Are you tied to any particular transformer model? Using a smaller model, throwing more hardware at the problem, or generating embeddings in parallel are easy ways to make it faster. Depending on what you're doing with the output you may also consider truncating your documents (can be good for stuff like clustering) or breaking apart your documents (can improve search performance).
Another option if you just want search (and aren't training or tuning your own models) is a managed search offering where you aren't responsible for generating embeddings.
Thanks for the advice! We're not tied to any model, no.
Naively I guess, at first we hoped to get by using a 3rd party API. We're hosted in GCP and tried using the Vertex AI `textembedding-gecko` model initially. But now we're investigating running models on our own infra, although not sure where we've got with it yet as someone else is working on that.
If you're committed to using a 3rd-party API, then parallelizing your API calls seems like the easiest way to speed things up. The benefits of a 3rd party API are - of course - that you're likely going to be able to generate embeddings using a much more powerful model. That being said, you may not need something as powerful as PaLM and having everything go over a network might just take too long.

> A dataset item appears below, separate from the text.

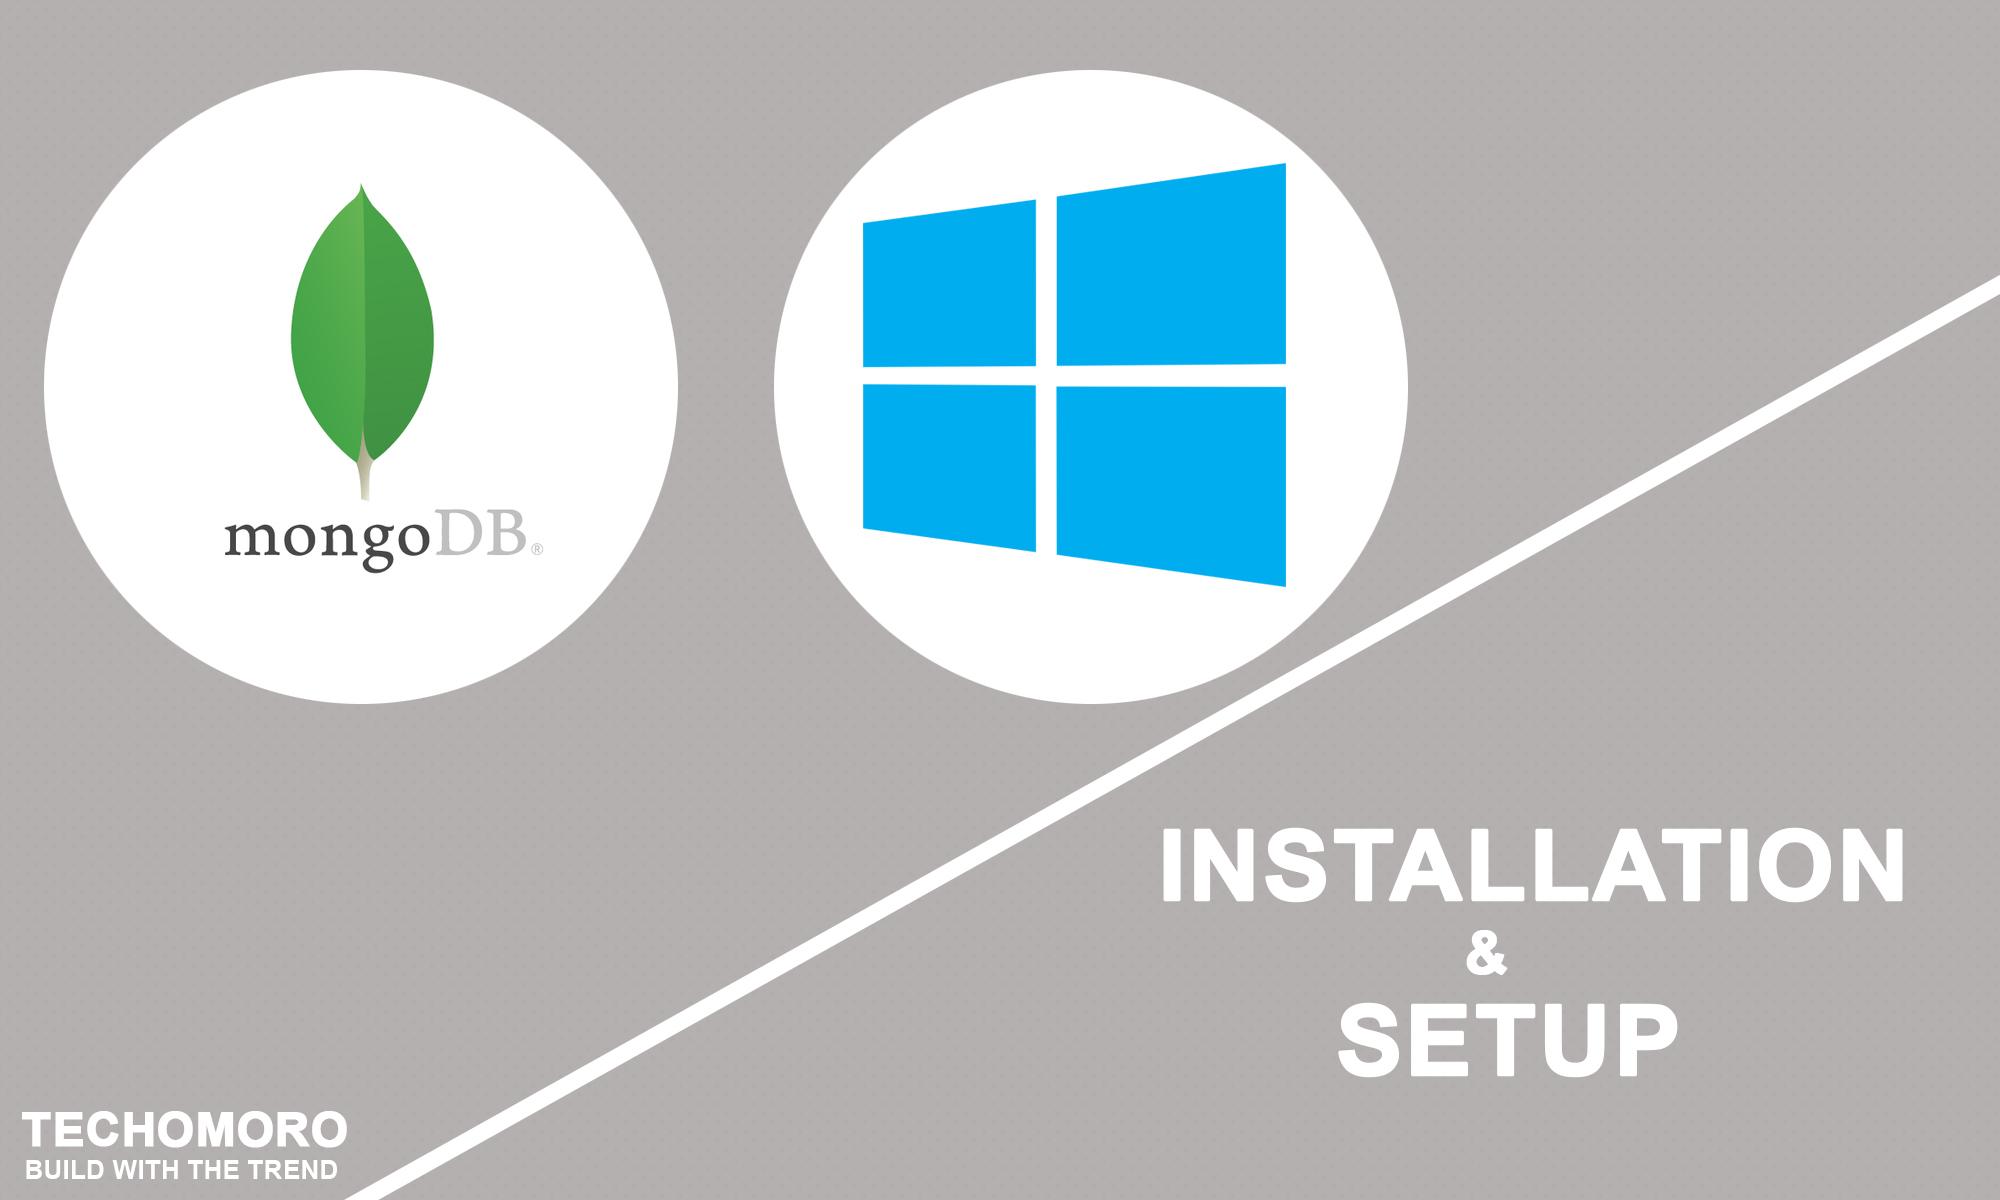 How to Install and Setup MongoDB on Windows 10

IME (which is entirely use-case dependent) something like SentenceTransformers (even the smallest pretrained models) can get you up and running on your own infra pretty quickly and generate embeddings with reasonable performance in a reasonable amount of time on modest hardware.
Another option if you just want search (and aren't training or tuning your own models) is a managed search offering where you aren't responsible for generating embeddings.